The old gray Squirrel, he is what he used to be.

See McNeil and appreciate a lifelong Met. We expended so much anxiety on Alonso’s decision to stay a Met last winter (and might resume contemplation of his destination again this winter, opt-out pending), that it probably didn’t cross our minds that Jeff McNeil was going on his eighth season as one of us, one of ours. He signed an extension a few years ago. Our 2B-CF of the moment is under contract through 2026, with a club option for 2027. He’ll have ten seasons as a Met by then should nothing derail his presence among us. He encounters approximately one significant ding per year, so his statlines tend to get interrupted by trips to places he assumed he outgrew by his mid-twenties. Fans in St.

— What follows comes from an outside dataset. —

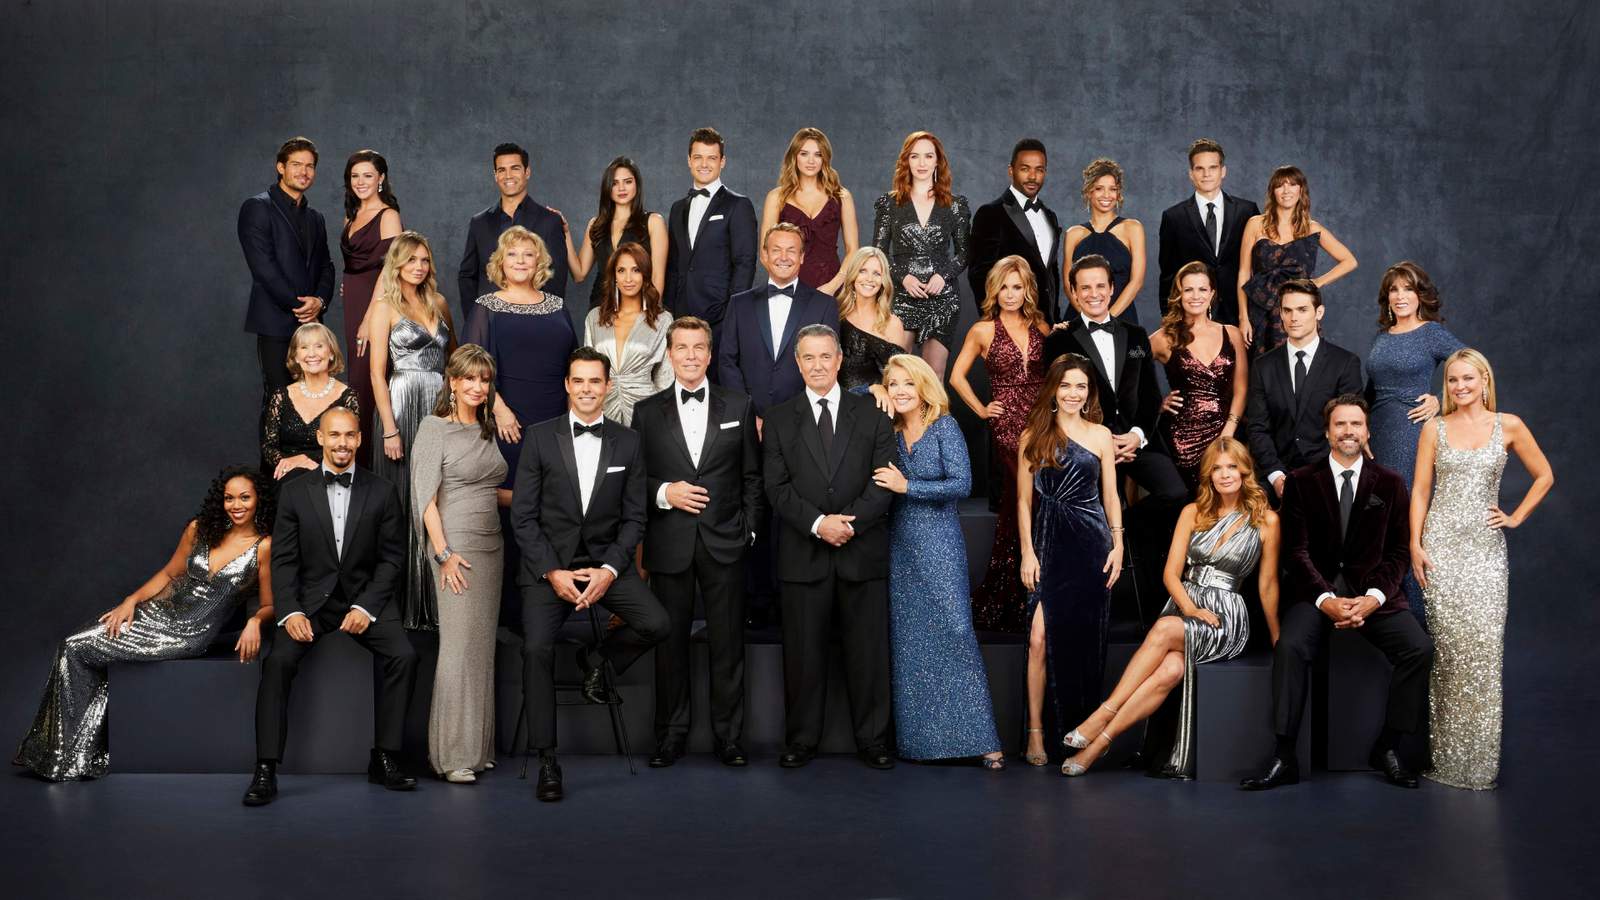 ‘The Young and the Restless’ returns with new episodes Aug. 10

Lucie, Brooklyn, Binghamton, and Syracuse have all grabbed glimpses of the rehabbing Squirrel. He received a special dispensation to get up to speed in the Arizona Fall League last October because he had been hurt prior to the playoffs, and the Mets wanted him back for the NLCS. He drove in a few runs against L.A., but wasn’t really himself.

Jeff McNeil was himself and then some on Friday. Jeff McNeil hit the lead-taking homer, made the lead-preserving play, and earned himself a piece of above-the-marquee Subway Series history. You know The Dave Mlicki Game. You know The Matt Franco Game. You know The Mister Koo Game. You’ve just met The Jeff McNeil Game. It’s not like you haven’t met Jeff McNeil before, but it’s always nice to remind ourselves who he can be.

6 comments to McNeil Above the Marquee

  • LeClerc

    Soto and Brazoban and Garrett indeed.

    But this game belongs to McNeil.

  • Seth

    From experience I can tell you that babies don’t stay babies for very long. The Baby Mets were like 2 years ago, so it’s time for them to grow up and stop getting lost on their way to the “land of the viable.”

  • Fred

    As taut and beautifully-written as the game itself.

  • Left Coast Jerry

    I will never forget the look of pure joy on McNeil’s face when he hit the home run. It was the same as what you would see on an 8 year old when he hits his first home run in little league. Don’t ever change, Jeff.

  • open the gates

    I sometimes think of Jeff McNeil as the Justin Turner who didn’t get away. Minus the beard.